Орфей (тихо). Любовь моя.
Эвридика . Бесценная моя любовь.
Орфей . Вот и начинается наша история…
Эвридика . Мне чуточку страшно… Добрый ты? Или злой? Как тебя зовут?
Орфей . Орфей. А тебя?
Эвридика . Эвридика.
Занавес.
Действие второе
Номер в провинциальной гостинице, большой, темный и грязный. Слишком высокие потолки тонут во мраке, пыльные двойные занавеси, большая железная кровать, ширма, скудное освещение. Орфей и Эвридика лежат одетые на кровати .
Орфей . Подумать только, что все могло сорваться. Стоило тебе пойти направо, а мне налево. Да что там! Стоило пролететь птице, вскрикнуть ребенку, и ты на секунду отвернулась бы. И я сейчас вместе с папой пиликал бы на скрипке в Перпиньяне, на террасе кафе.
Эвридика . А я сегодня вечером играла бы в Авиньонском театре, в "Двух сиротках". Две сиротки - это мы с мамой.
Орфей . Я думал ночью, сколько понадобилось счастливых совпадений, чтобы мы встретились. Думал о маленьких незнакомых друг другу мальчике и девочке, которые в один прекрасный день, за много лет до встречи, направились к затерянной провинциальный станции… Ведь мы могли не узнать друг друга, перепутать день или станцию.
Эвридика . Или встретиться совсем еще маленькими, когда родители, взяв нас за руки, насильно увели бы за собой.
Орфей . Но, к счастью, мы не перепутали ни день, ни час. Ни разу за весь этот долгий путь мы не запоздали. О, мы страшно сильные!
Эвридика . Да, любимый.
Орфей (могучий и снисходительный) . Вдвоем мы в сто раз сильнее всего на свете!
Эвридика (глядя на него с легкой улыбкой) . О мой герой! Но вчера, входя в эту комнату, ты так боялся.
Орфей . Вчера мы еще не были сильнее всех. Мне страшно было вверить нашу любовь во власть этой последней жалкой случайности.
Эвридика (тихо). На свете есть много таких вещей, которых лучше бы не было совсем, но ничего не поделаешь, они рядом - огромные и невозмутимые, как море.
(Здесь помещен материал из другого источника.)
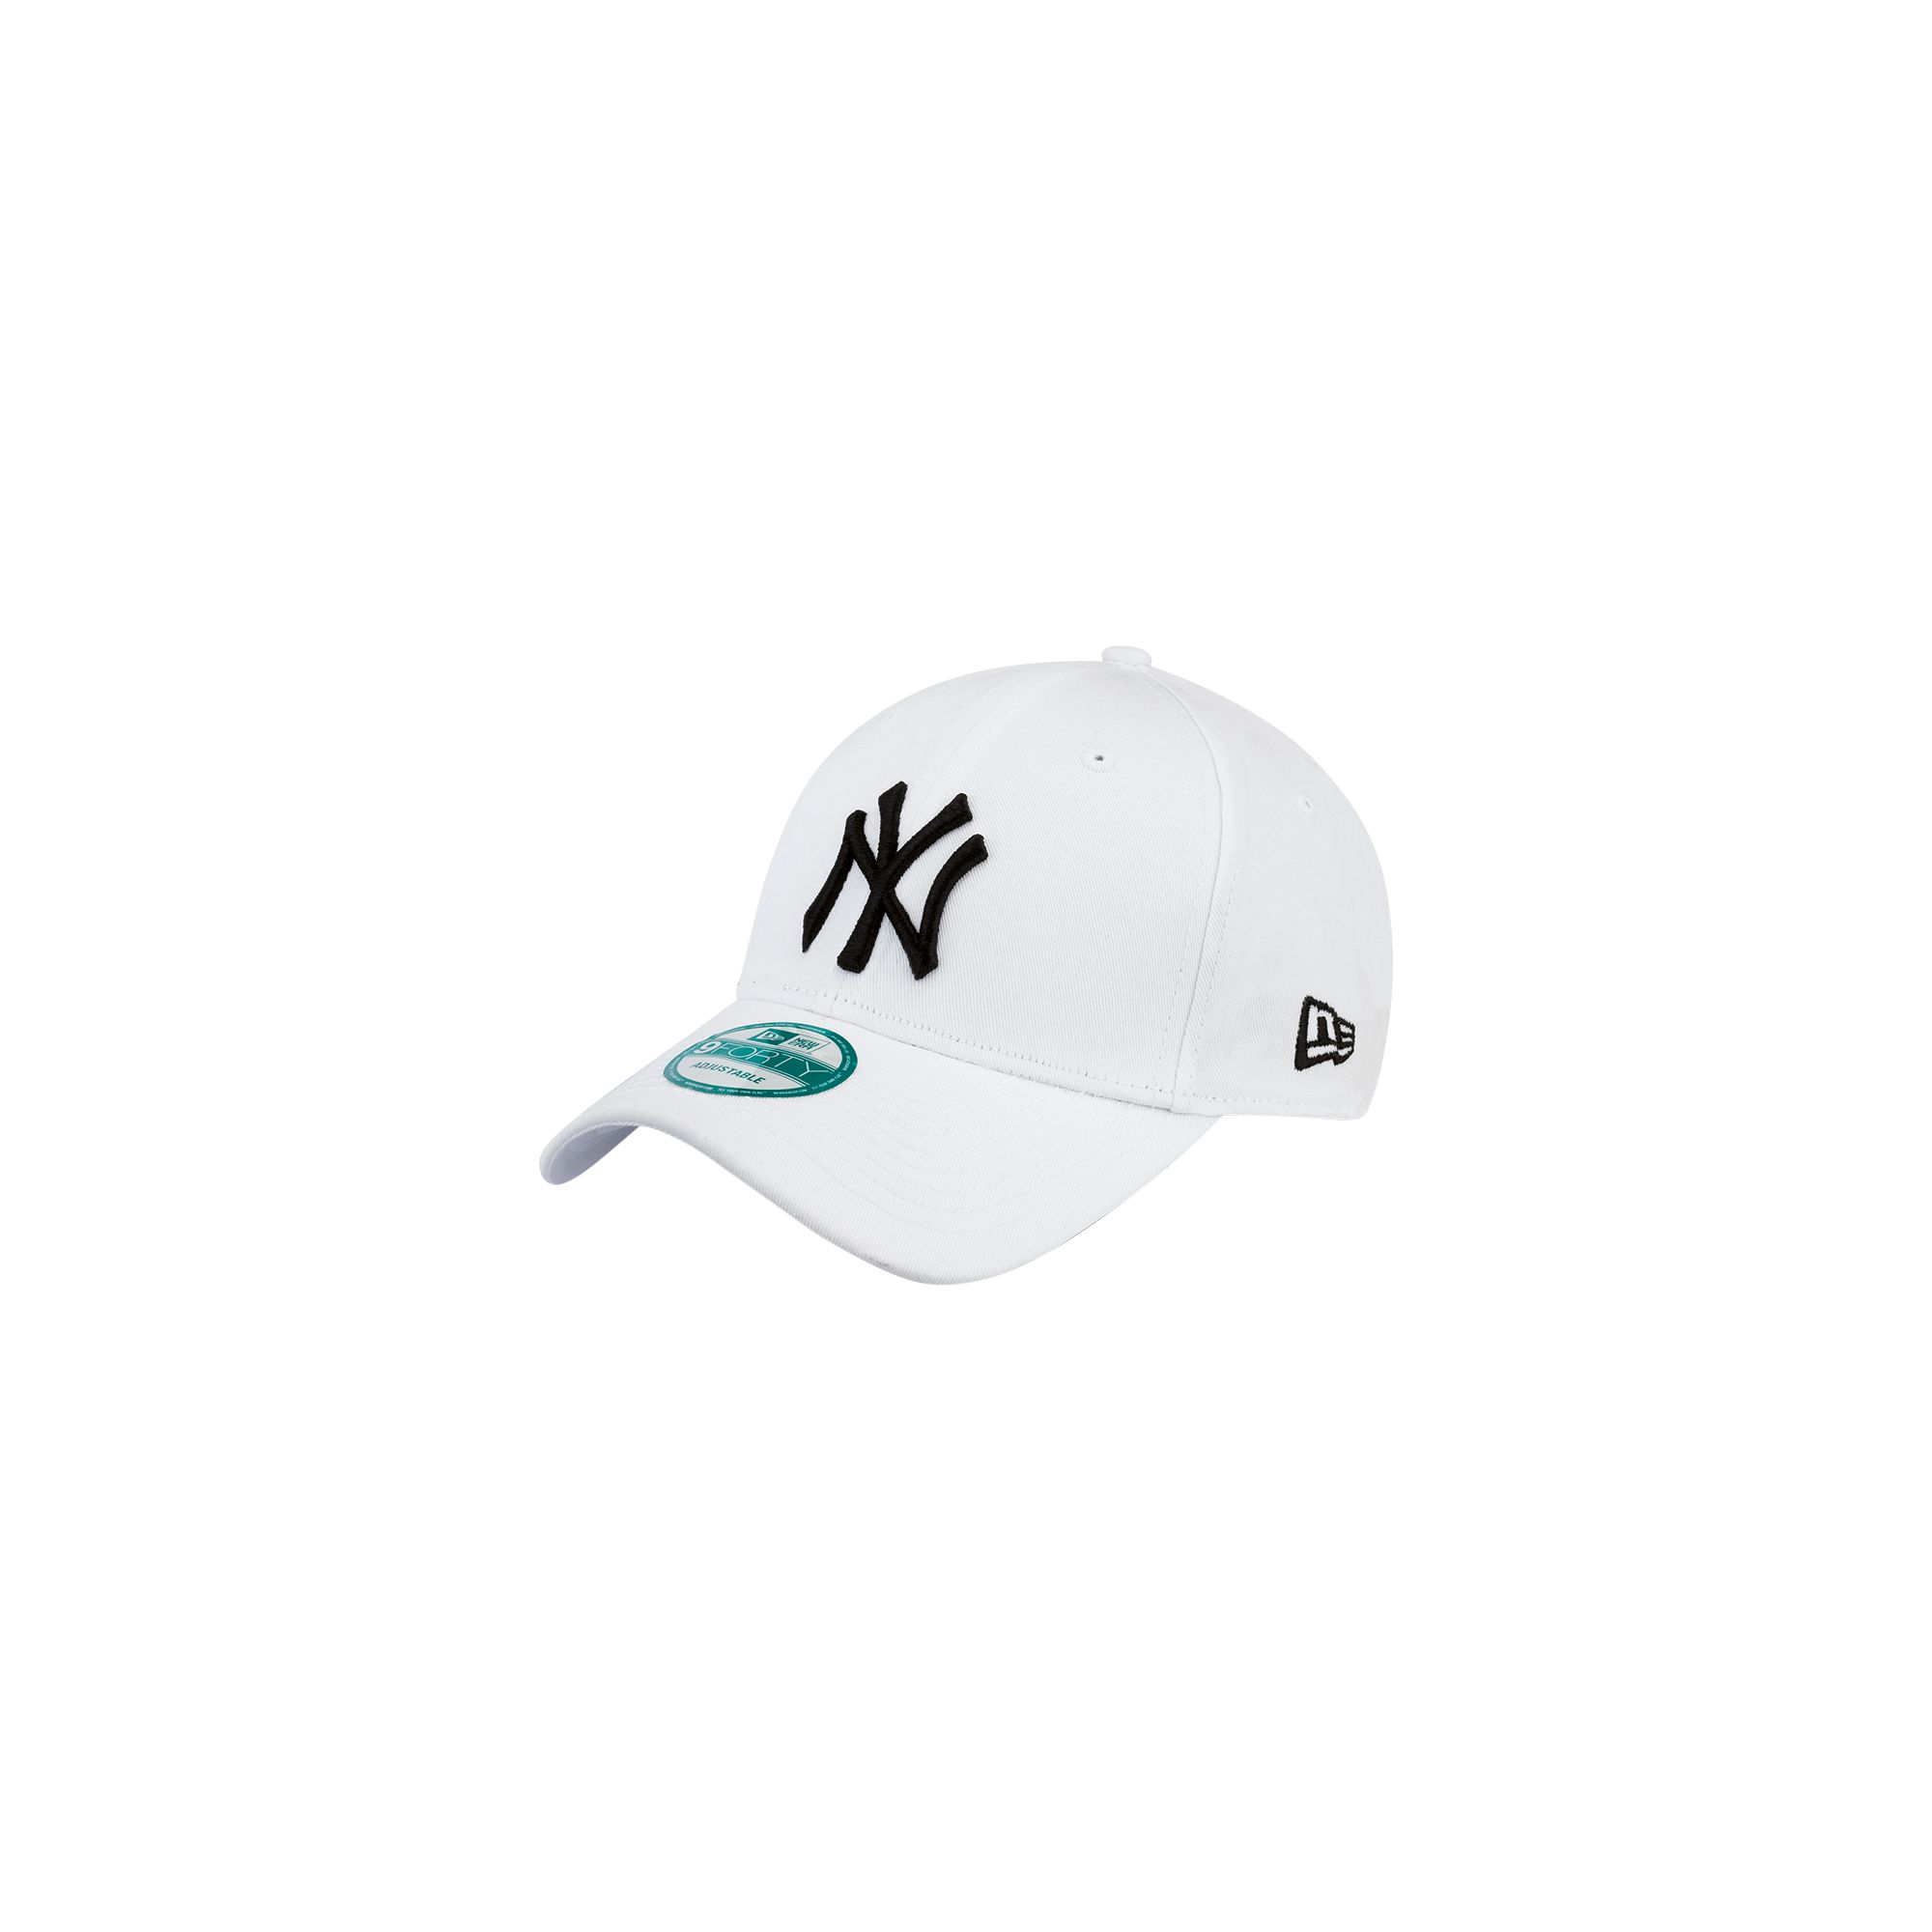 NY Yankees 940 League 940

Орфей . Подумать только,- а что, если бы вчера, выйдя из этой комнаты, мы остались бы никем друг для друга - даже не братом и сестрой, как вот сейчас,- никем, двумя улыбающимися врагами, вежливыми и отчужденными, разговаривающими о посторонних вещах. О, я ненавижу любовь…
Эвридика Тсс. Нельзя так говорить…
Орфей . Теперь мы хоть знаем друг друга. Наше плечо помнит тяжесть отуманенной сном головы, мы помним, как звенит наш смех. Теперь у нас есть воспоминания, они нам защита.
Эвридика . Позади целый вечер, целая ночь и целый день - как мы богаты!
Орфей . А еще вчера у нас ничего не было; мы ничего не знали и наугад вошли в эту комнату под взглядом страшного усатого коридорного, который не сомневался, что мы будем заниматься любовью. И мы стали торопливо раздеваться, стоя друг перед другом…
Эвридика . Ты словно сумасшедший разбросал одежду по всей комнате…
Орфей . Ты вся дрожала. И никак не могла расстегнуть пуговички на платье, а я смотрел, как ты рвала их, и не двигался с места. А потом, когда ты была уже совсем нагая, тебе вдруг стало стыдно.
Эвридика (опуская голову). Я подумала, что кроме всего должна быть еще и красивой, а я уже не была в этом уверена.
Орфей . Мы долго стояли друг перед другом, не смея ничего сказать, не смея пошевелиться… Мы были такими несчастными, такими нагими, и было так несправедливо, что мы должны сразу рискнуть всем, даже той нежностью, от которой у меня внезапно перехватило горло, когда я заметил на твоем плече маленький красный прыщик.
Эвридика . А потом все стало просто и легко…
Орфей . Ты положила голову мне на плечо и уснула. А я, я неожиданно почувствовал себя сильным, оттого что ощущал тяжесть твоей головы на своем плече. Мне чудилось, что мы лежим голые на песчаном берегу, моя нежность, подобно морскому приливу, постепенно заливает наши распростертые тела… Как будто и впрямь нужны были и эта борьба и наша нагота на скомканной постели, чтобы мы могли действительно сродниться, как два брата.
Эвридика . О любимый мой, ты думал обо всем этом и не разбудил меня…
Орфей . Но ты во сне сказала мне нечто такое, на что я не мог ответить.
Эвридика . Я разговаривала? Я всегда разговариваю во сне. Надеюсь, ты не слушал?
Орфей (улыбаясь). Слушал.
Эвридика . Видишь, какой ты предатель! Вместо того чтобы честно спать, как я, ты за мной шпионил. Разве я могу знать, о чем говорю, когда сплю?
Орфей . Я разобрал только два слова. Ты так мучительно вздохнула. Чуть скривила губы и сказала: "Как трудно".
Эвридика (повторяет). Как трудно…
Орфей . Отчего тебе было так трудно?
Эвридика (с минуту молчит, не отвечая, потом качает головой; быстро, слабым голоском) . Не знаю, любимый. Это было во сне.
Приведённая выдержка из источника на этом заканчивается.